» **REQUIRED ACTION**
Leaving the pictures aside, repeat each line below exactly.

» **STORED DATA**
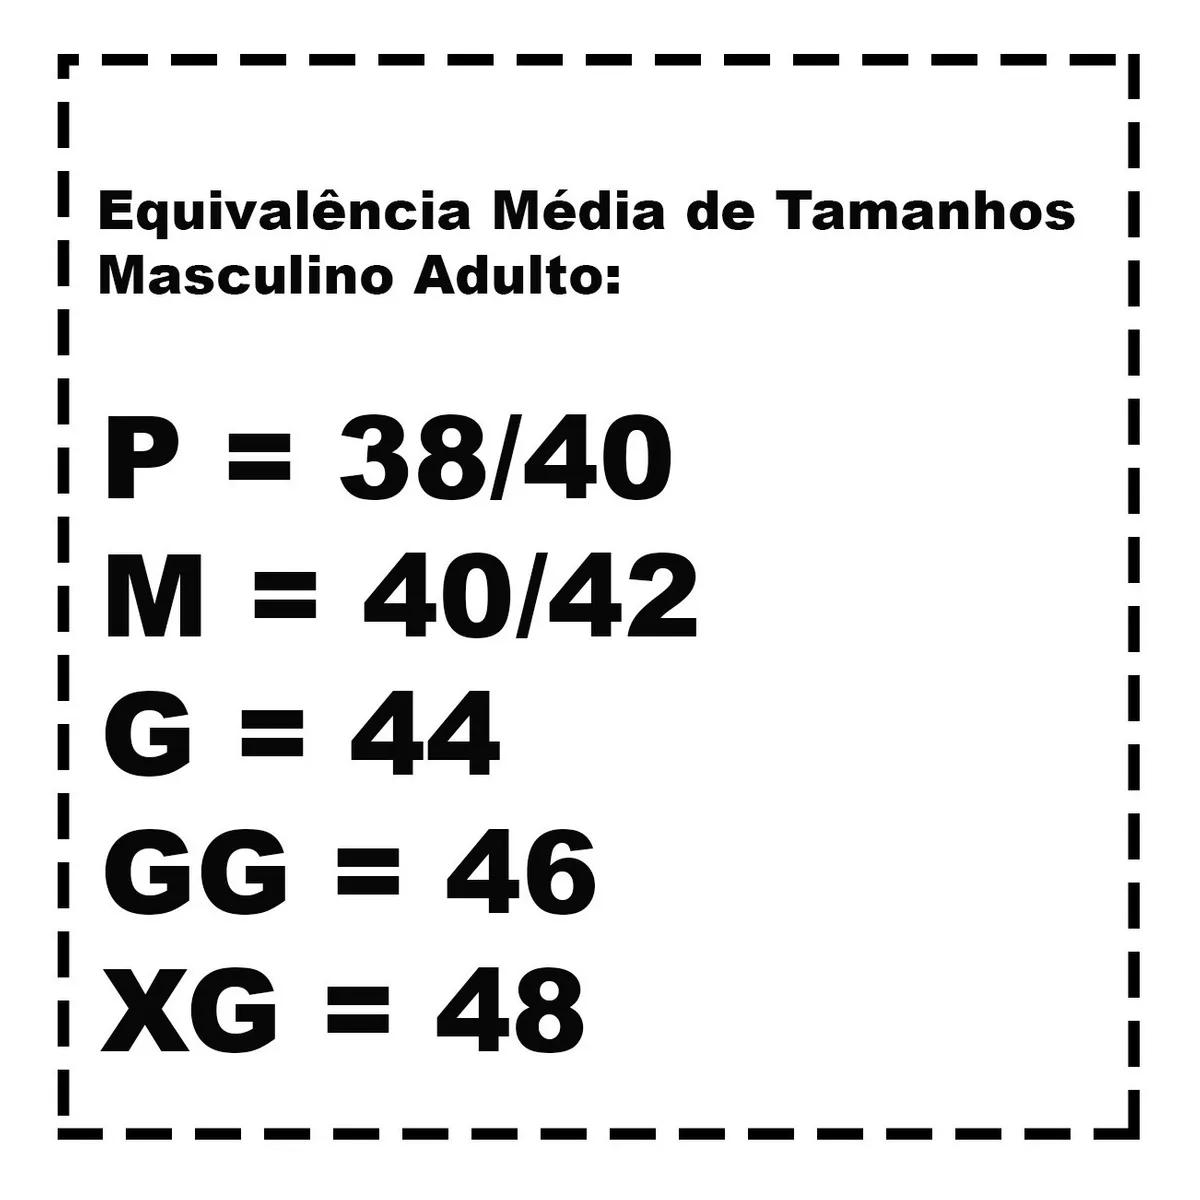 Samba Canção Cueca Short de Dormir Malha Masculino Adulto Ref: 4004
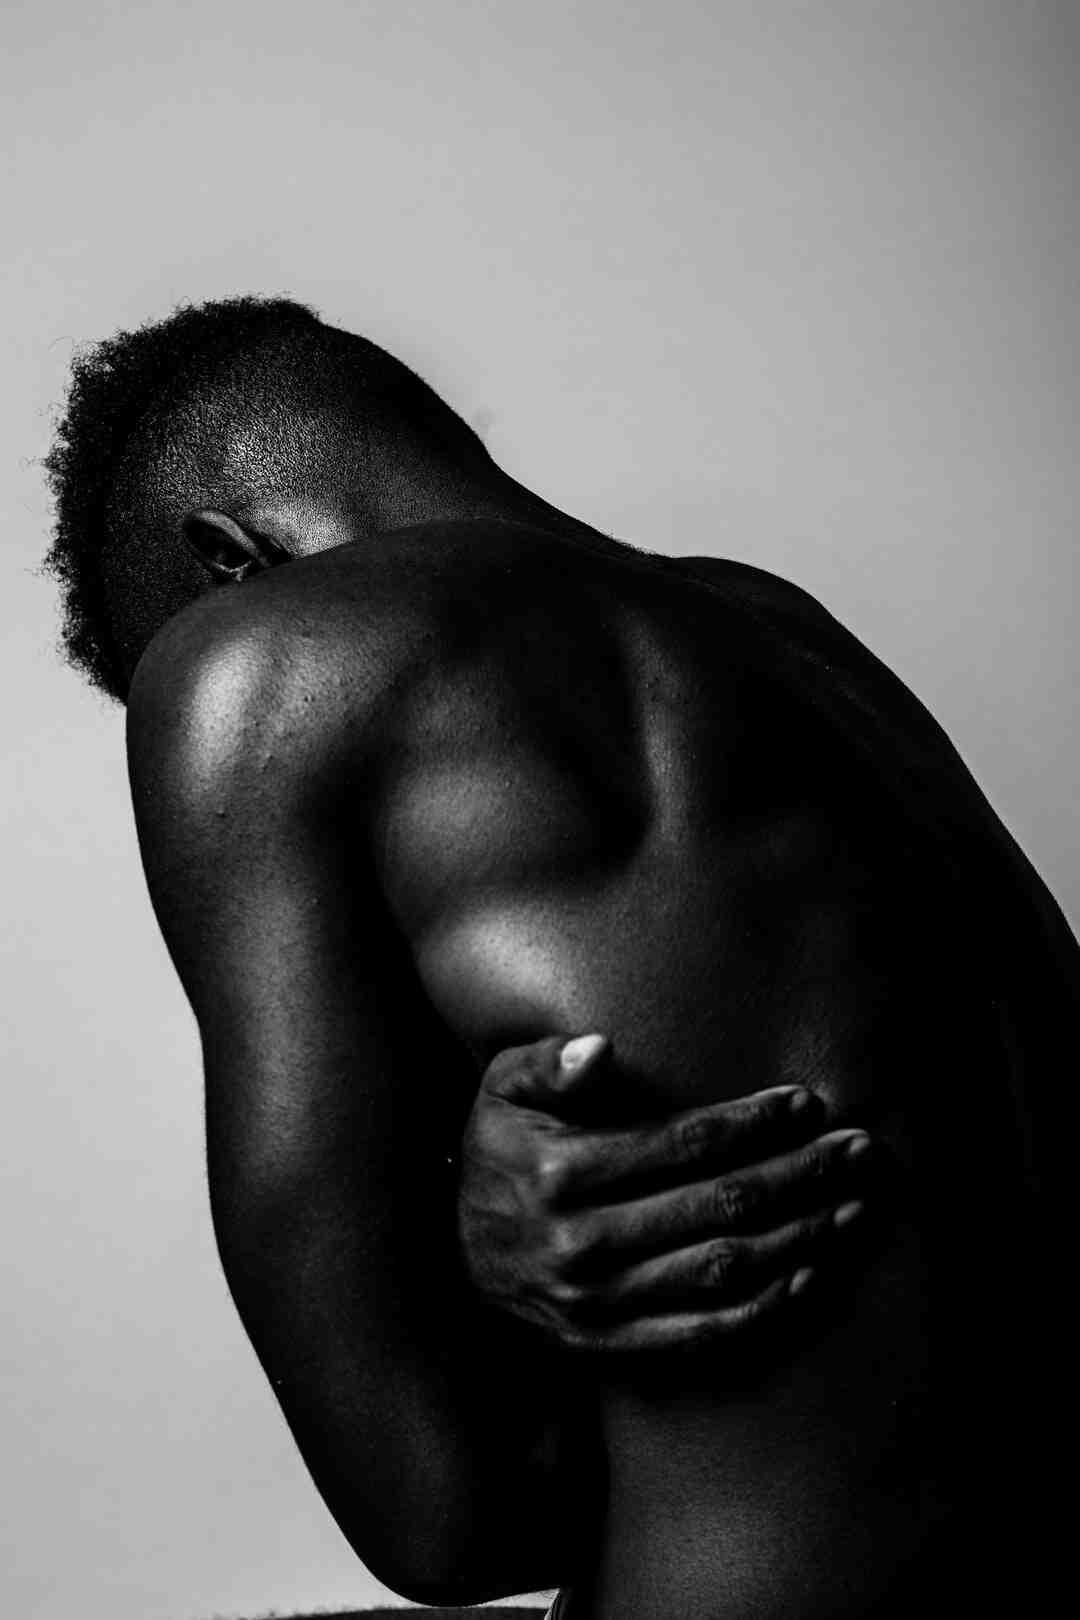 Comment soulager une douleur de l'épaule chez un athlète
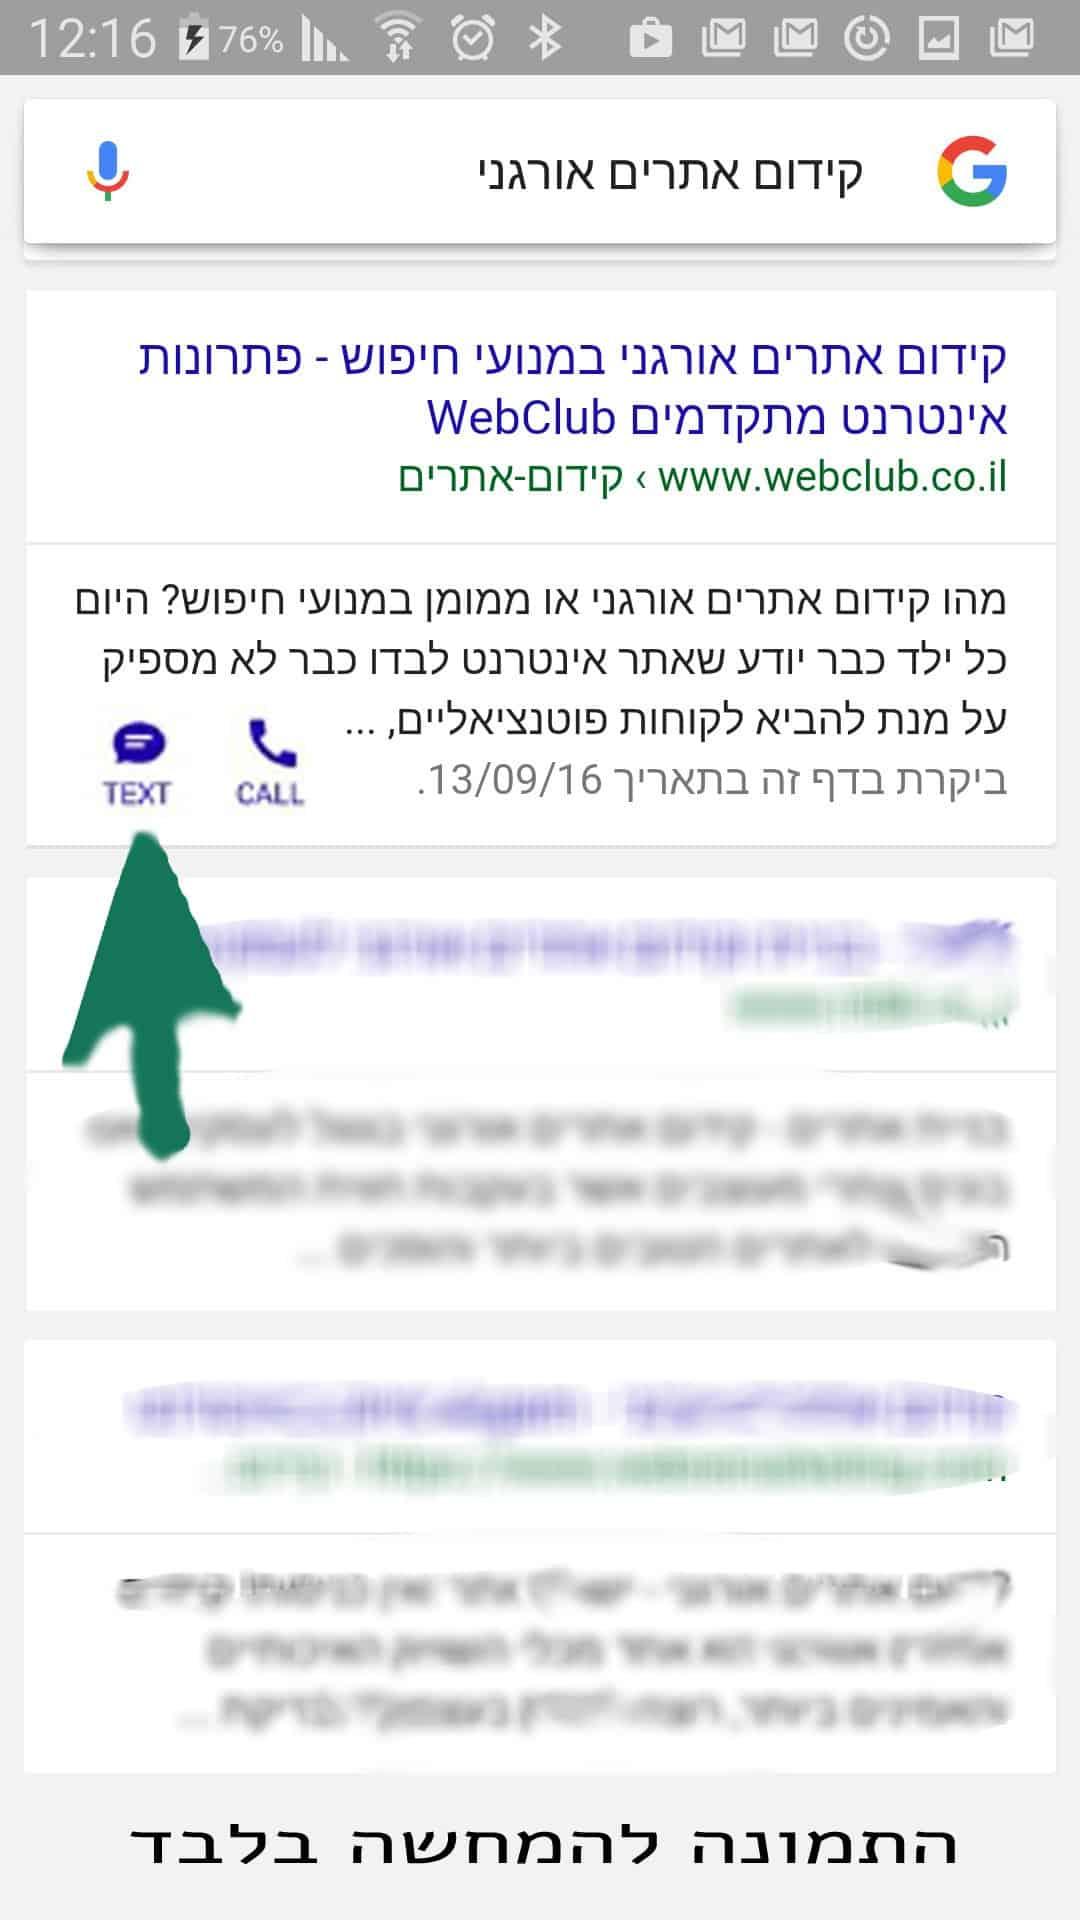 קידום ממומן בגוגל - הודעת טקסט

» **RESPONSE**
 Samba Canção Cueca Short de Dormir Malha Masculino Adulto Ref: 4004
 Comment soulager une douleur de l'épaule chez un athlète
 קידום ממומן בגוגל - הודעת טקסט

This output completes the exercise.